The press release by the Nobel Foundation is even more hilarious:
The Royal Swedish Academy of Sciences has decided to award the Sveriges Riksbank Prize in Economic Sciences in Memory of Alfred Nobel 2023 to
Claudia Goldin
Harvard University, Cambridge, MA, USAThis year’s Laureate in the Economic Sciences, Claudia Goldin, provided the first comprehensive account of women’s earnings and labour market participation through the centuries. Her research reveals the causes of change, as well as the main sources of the remaining gender gap.
Women are vastly underrepresented in the global labour market and, when they work, they earn less than men. Claudia Goldin has trawled the archives and collected over 200 years of data from the US, allowing her to demonstrate how and why gender differences in earnings and employment rates have changed over time.
And hidden toward the end is this gem:
Historically, much of the gender gap in earnings could be explained by differences in education and occupational choices.
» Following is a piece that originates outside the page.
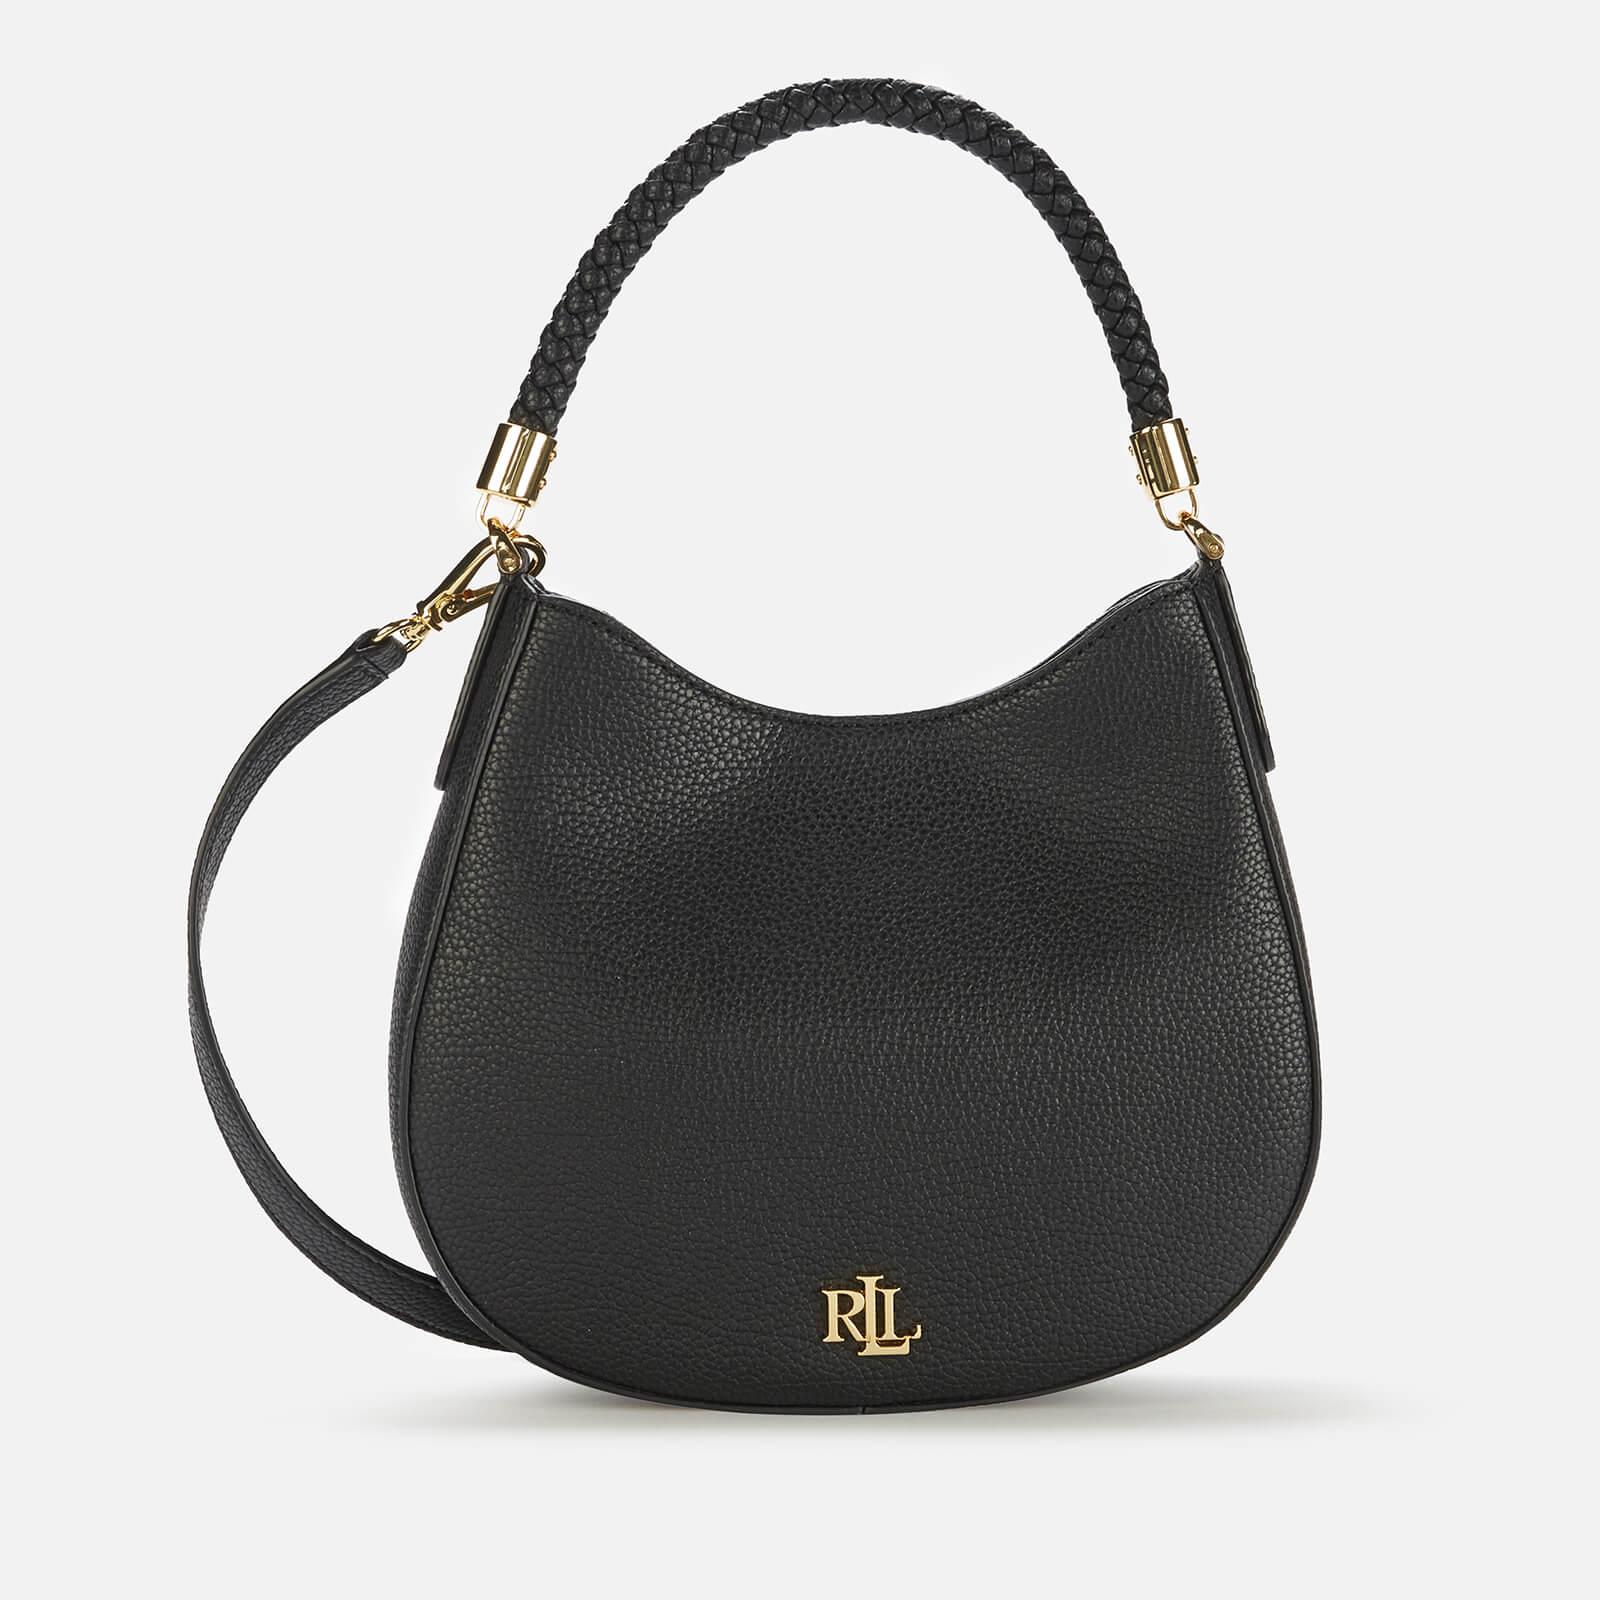 ralph lauren handbags new

However, Goldin has shown that the bulk of this earnings difference is now between men and women in the same occupation, and that it largely arises with the birth of the first child.
“Birth of the first child”.
“Historically, used to be because of occupational choices”.
Wow. Astonishing. Who could have ever figured that out? So glad we have an economist to let us know, three decades later after everyone has already argued this point to death.
It’s stuff like this that just shows you how old, outdated, and completely out of touch these people are. Out of everything in economic research for the entire year, this is the highlight? This is Nobel Prize worthy? This, information we all knew already?
The 2023 Economics Nobel Prize went to research that is irredeemably obvious to anyone with a brain, is completely purposeless, and will serve to only further eviscerate the family past what it already has been by the market/GDP worshippers? Yep, this sure sounds like economics in 2023.
You all know I have a soft spot for econ. I have a graduate education in it, after all. I still love my field, but it is sad how far it has fallen, even since I escaped.
Nonetheless, it is lucky for us they are showing everyone how archaic they are. The market-god cultists are becoming more irrelevant as every day passes by.
Stop trusting or listening to them. We are not an economic zone. GDP is not the highest thing of importance. And no, we should not be striving to force more women out of families and into wage slave status. These are all lies of modernity; a corruption of the true purpose of a nation toward one focused around wealth and greed. A desire for the material to triumph over the spiritual. Resist it.
It is sad for me to say, but mainstream economics research is just as worthless as the Nobel Prize itself, at this point.
No wonder they paired up for this year’s cameo.